Can you imagine movies depicting the killings of Hu Jintao, Manmohan Singh, Susilo Bambang Yudhoyono, Dilma Rousseff, Yousaf Gillani, Vladimir Putin, Sheikh Hasina, and Yoshihiko Noda?

“Nyet.”

They are the bosses of the ten most populated nations on Earth, minus the United States. The people they boss constitute fully 53 percent of the people on this planet.

These 3.7 billion people, I suspect, would not be permitted to view a movie of such an uncomplimentary nature, much less one that allows the possibility that any of those nine dear leaders could be offed.

And keep in mind I haven’t included several billion other souls who live under a rogue’s gallery of minor despots, tyrants, and sadists.
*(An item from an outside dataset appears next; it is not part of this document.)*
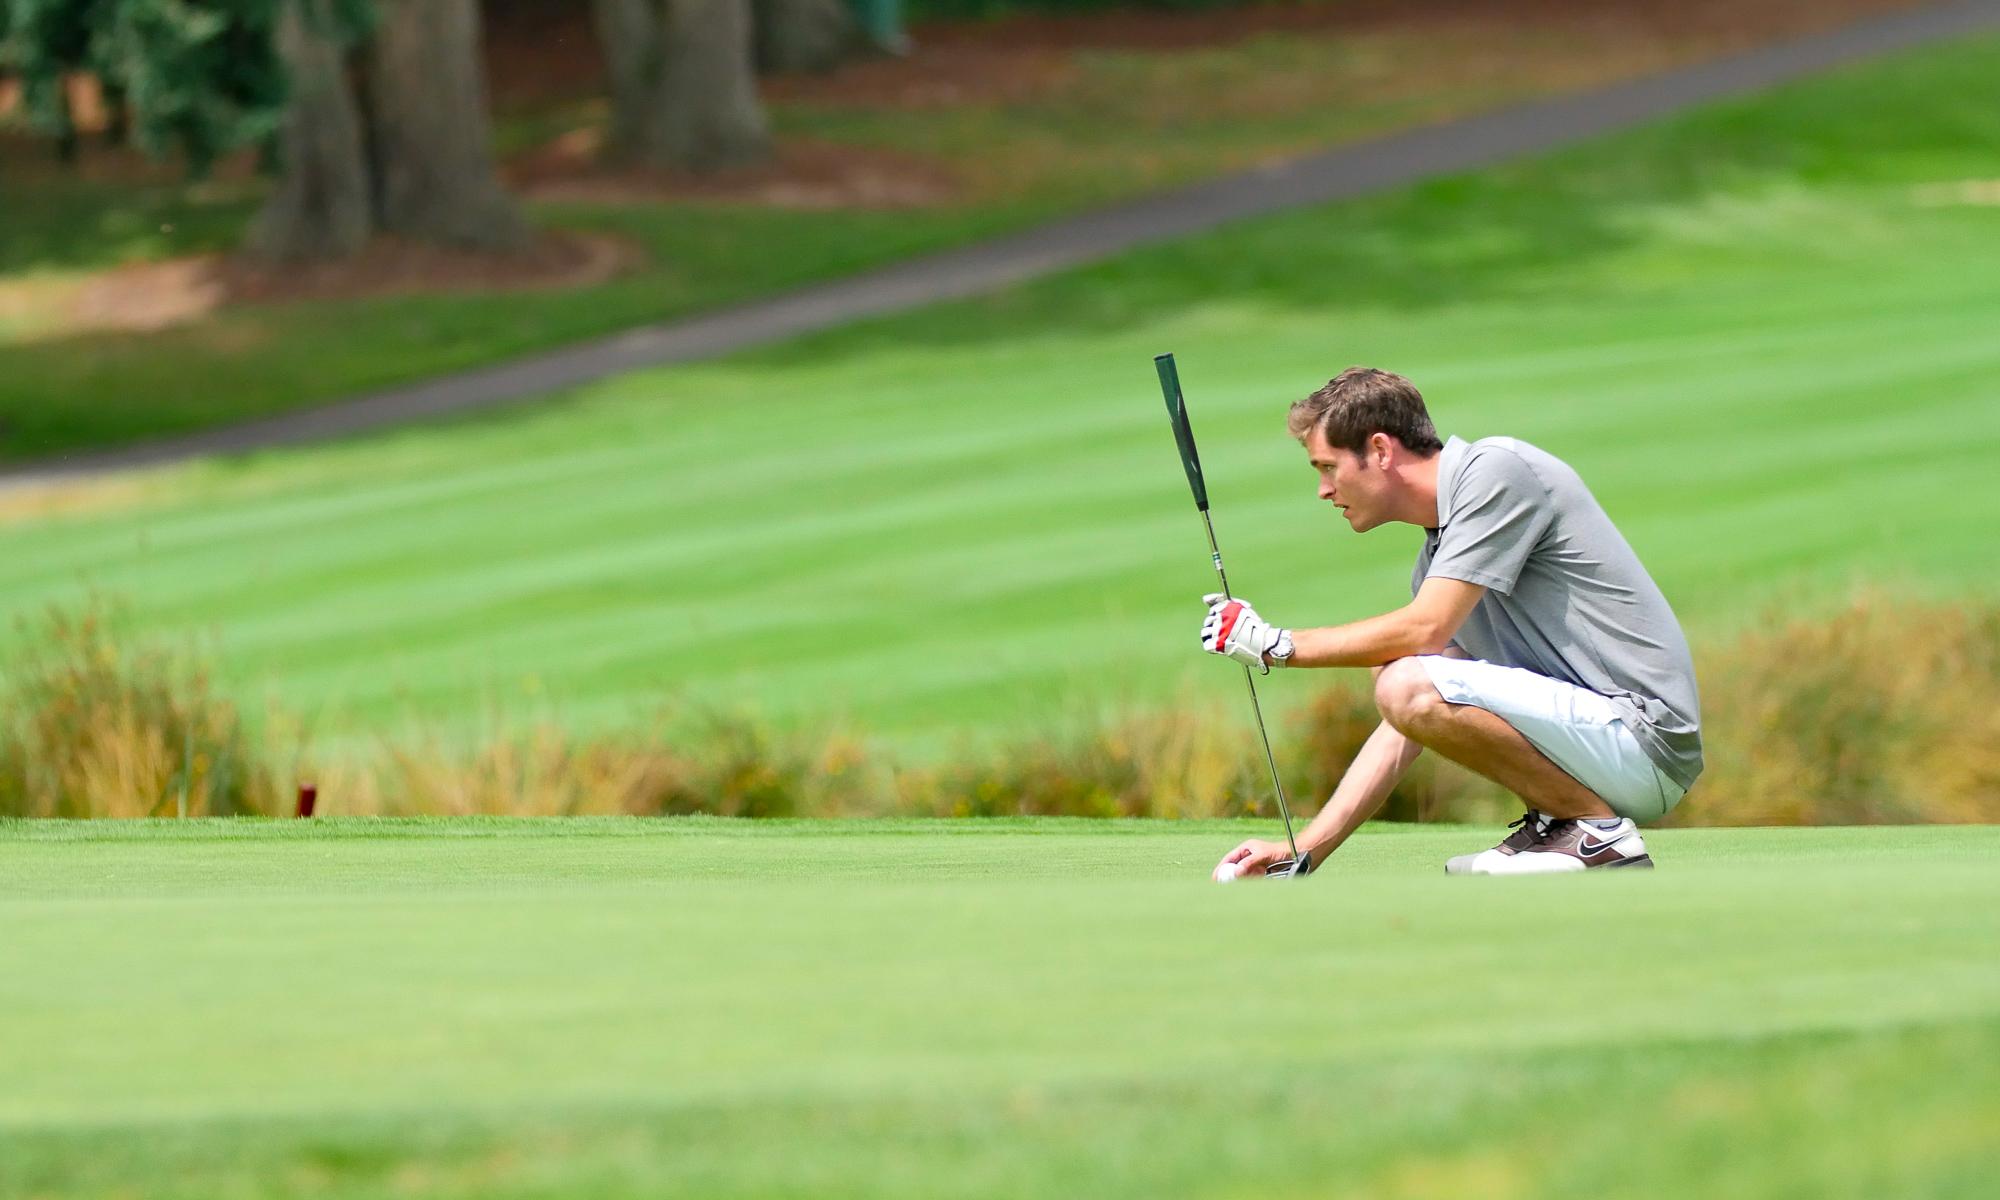 Levi_Sim_Golf_Sigma_120-300mm-1

I don’t like where we’re headed in these United States. I also know we still have a hell of a lot of freedom and latitude.

It’s worth remembering that now and then.

THE ART OF THE MICROSCOPE

Brain scientist Alex Straiker’s microscopy-based artwork will be on display in March at Finch’s Brasserie here in Bloomington. He’ll share the stage (or, more accurately, the easel) with award-winning botanical microscopist Jessica Lucas.

Straiker studies the effects of cannabinoids on the brain at Indiana University’s Department of Psychological and Brain Sciences. Lucas is a researcher and outreach educator in the Shaw Lab at IU’s Biology Department.

Jessica Lucas’s Image Of A Fast-Growing Seedling

Alex and his lab-mates treat mice to mega-doses of THC and then check their brain structures to determine, among other things, why they crave White Castle sliders for hours afterward.

Straiker’s striking images have appeared on this site several times already in our short history. Watch this space to find out the date of the opening reception for his show.

JAZZ TIMES

Tune in to WFIU Monday afternoon for David Brent Johnson‘s “Just You and Me” daily jazz show.

DBJ And His Special Gal

DBJ tells me he plans to feature the jazz Grammy award winners Monday. The Grammy awards will be presented Sunday night in New York.

“Just You and Me” begins at 3:30 and runs for an hour and a half. It’s a good bet DBJ will be spinning loads of Roseanna Vitro and Kurt Elling.